How do I factor a quadratic with a rational expression of x in it?

[caters]

So, the thought came to me of solving a cubic equation. I've done it a few times before, but it has been years. I know how to solve quadratics, so I was thinking that if I could reduce the cubic to a quadratic, then I could solve the quadratic for [imath]x[/imath] and thus get my cubic solutions. Everything went smoothly until I reached a point where I have an equation of the form [imath]ax^2 + bx + c + \frac{d}{x} = 0[/imath]. This form is the quadratic reduction of the original cubic of the form [imath]ax^3 + bx^2 + cx + d = 0[/imath]. I'm wondering how I should factor this, so that I can then solve for [imath]x[/imath]. Here's what I have so far:

Solve for x

[math]x^3 - 6x^2 + 2x + 3 = 0[/math]
Subtract 3 from both sides to get

[math]x^3 - 6x^2 + 2x = -3[/math]
Multiply both sides by [imath]\frac{1}{x}[/imath] to get

[math]x^2 - 6x + 2 = \frac{-3}{x}[/math]
Add [imath]\frac{3}{x}[/imath] to both sides to get

[math]x^2 - 6x + 2 + \frac{3}{x} = 0[/math]
And here I am, stuck with this [imath]\frac{d}{x}[/imath] term in my quadratic and not knowing how to factor a quadratic with such a term in it. When I try to find an answer to my question, all I get is how to factor a quadratic that has fractional coefficients, which is not at all the same as factoring a quadratic with a [imath]\frac{d}{x}[/imath] term. So, how can I go about factoring this quadratic with a [imath]\frac{d}{x}[/imath] term in it? Do I have to move the [imath]\frac{d}{x}[/imath] term back to the other side and then factor [imath]x^2 - 6x + 2[/imath] as if it equals 0 and then solve for [imath]x[/imath]? Or is there another way to go about it that keeps the right side equal to 0?

 

[Deleted member 4993]

So, the thought came to me of solving a cubic equation. I've done it a few times before, but it has been years. I know how to solve quadratics, so I was thinking that if I could reduce the cubic to a quadratic, then I could solve the quadratic for [imath]x[/imath] and thus get my cubic solutions. Everything went smoothly until I reached a point where I have an equation of the form [imath]ax^2 + bx + c + \frac{d}{x} = 0[/imath]. This form is the quadratic reduction of the original cubic of the form [imath]ax^3 + bx^2 + cx + d = 0[/imath]. I'm wondering how I should factor this, so that I can then solve for [imath]x[/imath]. Here's what I have so far:

Solve for x

[math]x^3 - 6x^2 + 2x + 3 = 0[/math]
Subtract 3 from both sides to get

[math]x^3 - 6x^2 + 2x = -3[/math]
Multiply both sides by [imath]\frac{1}{x}[/imath] to get

[math]x^2 - 6x + 2 = \frac{-3}{x}[/math]
Add [imath]\frac{3}{x}[/imath] to both sides to get

[math]x^2 - 6x + 2 + \frac{3}{x} = 0[/math]
And here I am, stuck with this [imath]\frac{d}{x}[/imath] term in my quadratic and not knowing how to factor a quadratic with such a term in it. When I try to find an answer to my question, all I get is how to factor a quadratic that has fractional coefficients, which is not at all the same as factoring a quadratic with a [imath]\frac{d}{x}[/imath] term. So, how can I go about factoring this quadratic with a [imath]\frac{d}{x}[/imath] term in it? Do I have to move the [imath]\frac{d}{x}[/imath] term back to the other side and then factor [imath]x^2 - 6x + 2[/imath] as if it equals 0 and then solve for [imath]x[/imath]? Or is there another way to go about it that keeps the right side equal to 0?

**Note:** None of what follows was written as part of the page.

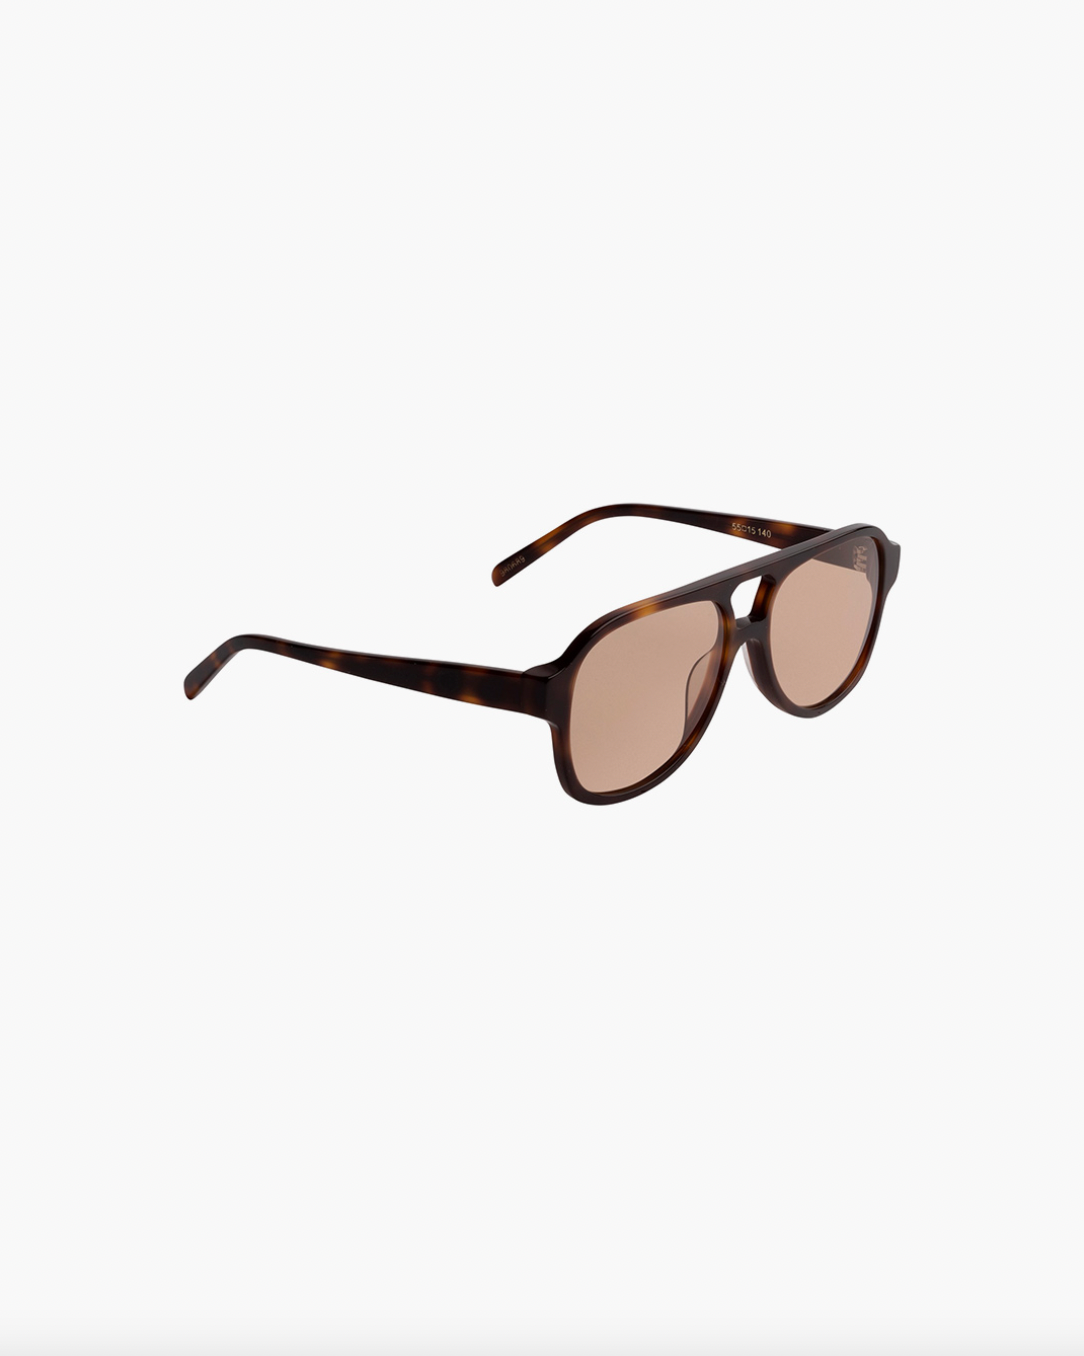 Get ready to turn heads with our Gelo Cinnamon sunglasses by Corlin Eyewear. These sunglasses feature UV protection 400 and scratch-resistant CR39 lenses, perfect for any outdoor activity.

You CANNOT reduce a cubic polynomial to quadratic, by that method.
Google
Cardano's cubic solution.

 

[Harry_the_cat]

Your expression which involves 3/x is NOT a quadratic.

Have you heard of the "Factor Theorem"? This states that:
If f(x) is a polynomial and f(c)=0 then (x−c) is a factor of f(x).

Note that if we call your cubic function f(x), then f(1) =0 [ "How did I get 1" I hear you say. This is an educated "guess" by considering the coefficients].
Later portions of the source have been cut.